In order to finance working capital defaults or financing transaction fees related to an initial business combination intent, our sponsor sponsor or partner of our sponsor or some of our executives and directors may lend us funds that are needed. If we complete our first combination of businesses, we would repay those borrowed amounts. In the event that our first business combination is not closed, we may use a portion of the working capital held outside the trust account to repay these borrowed amounts, but no proceeds from our trust account would be used for such a refund. Up to $1,500,000 of these credits can be converted into additional units of the post-business business, at the lender`s choice. The units would be identical to private placement units. The terms of these loans by our executives and directors, if any, have not been defined and there are no written agreements on these loans. We do not expect to obtain credit from parties other than our sponsor or an affiliate of our sponsor, as we do not believe that third parties will be willing to lend such funds and waive all rights in order to gain access to the funds in our trust account. Even if the current share price is lower than the exercise price, the warrant may still have some time value and can therefore be sold for something. If the trader decides to sell the option instead of exercising it, you sell the warrant in your trading account, as you would another stock or option.

Set the price at which it should be sold, the quantity, and all the other order settings you want. The warrant may be based on a report chosen by the company. It may require five warrants for one action, or 10 or 20. If you are selling or exercising an option, make sure you know all the provisions of the warrant in order to finish with the number of shares (and exercise the number of warrants) you want. A warrant holder may exercise the warrant if the current share price is higher than the exercise price of the warrant. The holder of a war war war except as stated in the VectoIQ SEC reports (to the extent that the character of such disclosure appears in the content of these VectoIQ SEC reports, however, without any indication to which reference is made in the forward-looking statements, the “Risk Factors” and other information contained in them, as long as they are forward-looking or cautionary or related to forward-looking statements) (it is recognized that nothing in the such an SEC report is not considered amended or qualified. the insurance and guarantees provided in Section 5.01 (Corporate Organization), Section 5.03 (Capitalisation) and Section 5.04 (Authority on this agreement) and guarantees the company the following way: the founder and the anchor investor have purchased a total of 890.00 1000 private placement places (including 90,000 private placement units related to the exercise of the over-allotment option) at a price of USD 10.00 per private Placement Unit (8,900,000 USD in total) in a private placement. Each private offering unit consists of one common share (z.B common shares included in the private offering units, “private shares”) and a warrant (a private guarantee).
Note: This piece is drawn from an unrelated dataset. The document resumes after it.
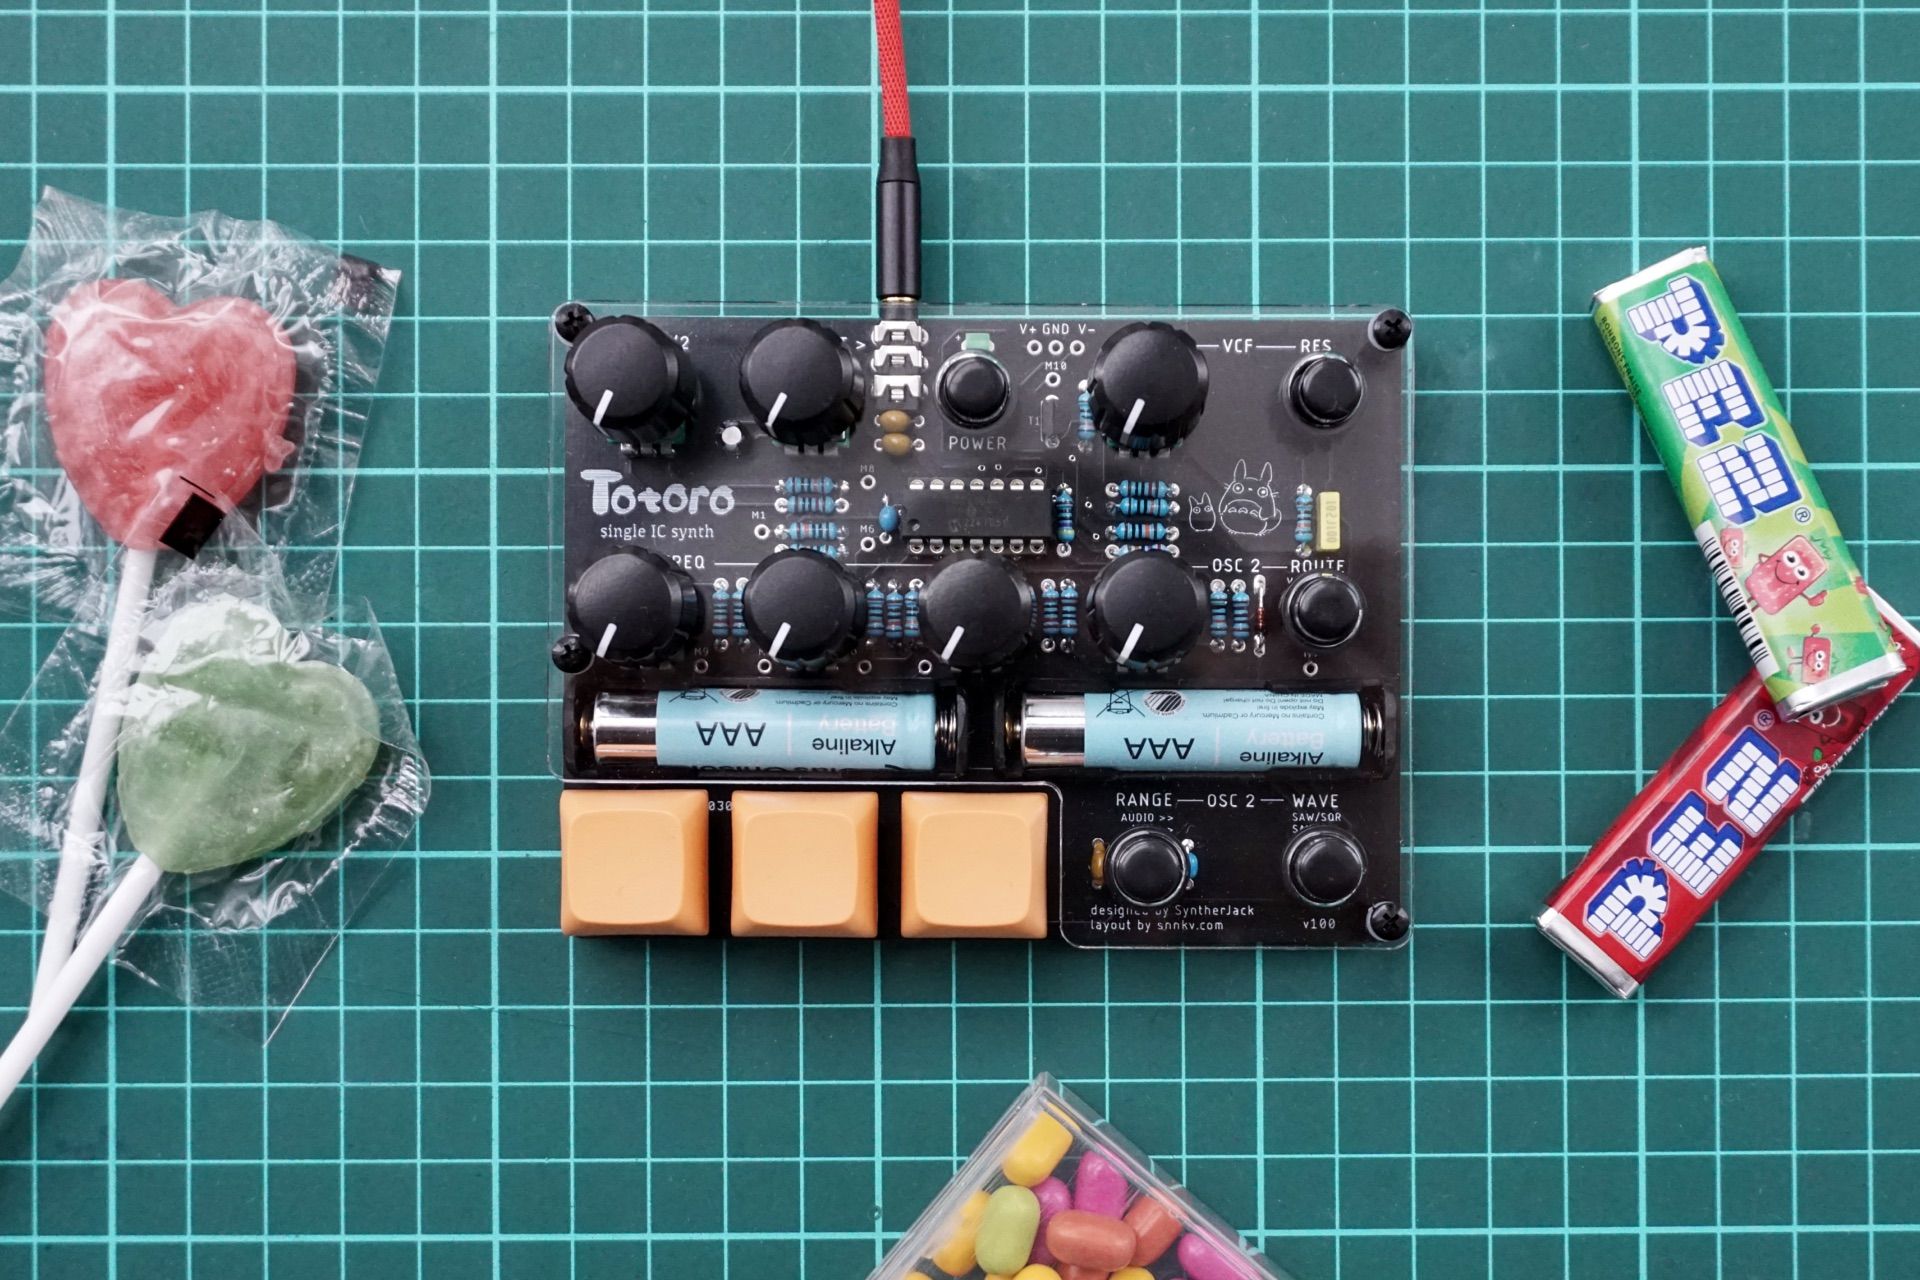 Totoro synth

Any private share warrant allows the holder to acquire a common share at a price of $11.50 per share, subject to an adjustment (see Note 6). Revenues from private investment funds were added to the proceeds of the IPO of the trust account. If the entity does not enter into a business combination period, the proceeds from the sale of the private trust units are part of the distribution of the liquidation to public shareholders and the private guarantees are worthless.